The yearlong war of words between Gov. George Deukmejian of California and Bill Honig, the state school superintendent, may be approaching an end, or at least a cease-fire.
Last week, Mr. Honig confirmed that he had accepted an invitation to meet with the Governor on Sept. 17 in an attempt to smooth over their differences.
“The Governor has invited me over for lunch,” Mr. Honig said in an interview. “It’s being billed as a peace meeting. We have said that we have strong differences but that we are willing to sit down and talk about them.”
Those differences emerged in public last January, when Mr. Honig called the Governor’s education budget proposal for the current fiscal year “an outright disaster for the schools.”
Mr. Deukmejian retorted that the superintendent was acting like a “demagogue” and a “snake-oil salesman,” and the battle was joined.

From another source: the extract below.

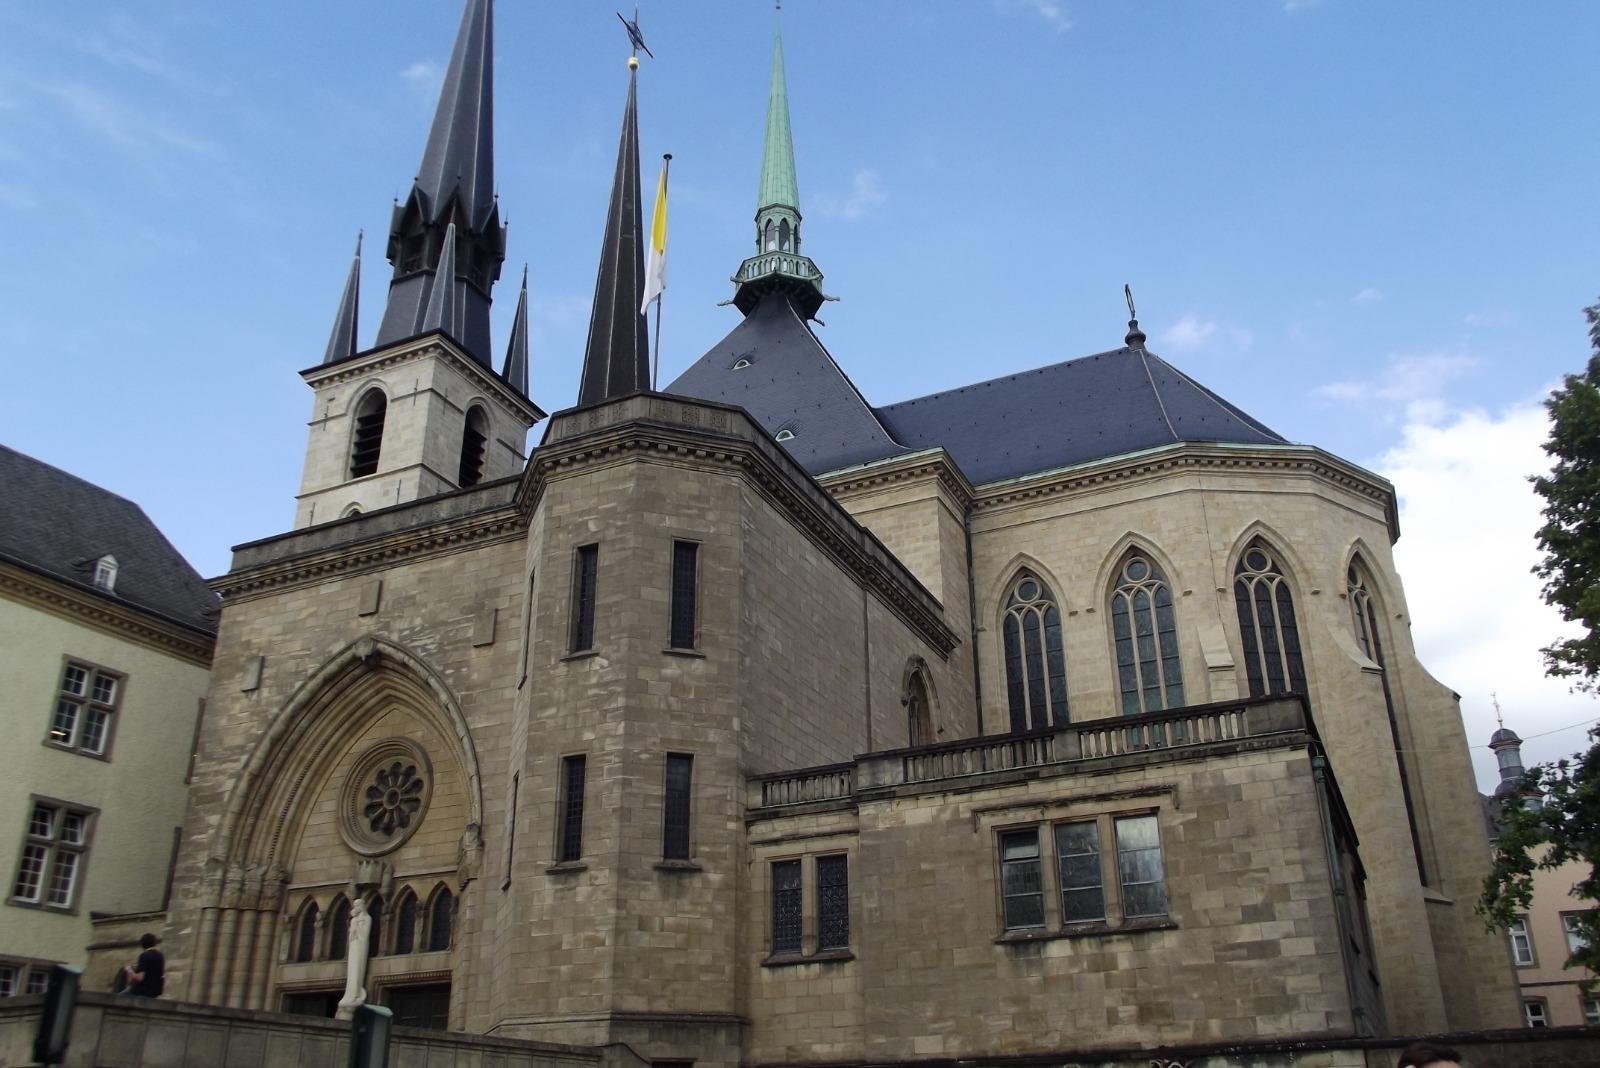 belgioelussemburgo1-1600418556.jpg

Kevin Brett, a spokesman for the Governor, said Mr. Deukmejian continues to disagree with Mr. Honig’s “message” on school finance and remains upset over the tone of his remarks.
“But the Governor recognizes that the 1987-88 budgetary process is history,” he said, and that “it’s time to move forward.”
Cooperation is also very much on the mind of Gov. Robert D. Orr of Indiana, who has pledged to talk to at least 10,000 teachers across the state by January 1989 in an effort to win support for reforms approved by the legislature this year at his urging.
“I make this commitment to signal the start of our implementation efforts and to ensure the greatest amount of teacher participation in shaping that effort,” he said at a recent meeting of 1,000 teachers in Merrilville. “We need more than your support, though ... we’ll need your input.”
“And I plan to get it in the simplest way possible. I’m going to ask for it,” Mr. Orr said.
The Governor, however, could be facing an uphill battle. The Indiana State Teachers Association, which claims about 80 percent of the state’s teachers as members, reportedly spent more than $85,000 this past year--more than any other lobbying group in the state--in an unsuccessful effort to promote its own reform agenda.
Damon P. Moore, the union’s executive director, has characterized the reform package approved by the legislature as “a political sellout ... that does not go nearly far enough to provide the best for Indiana’s children.”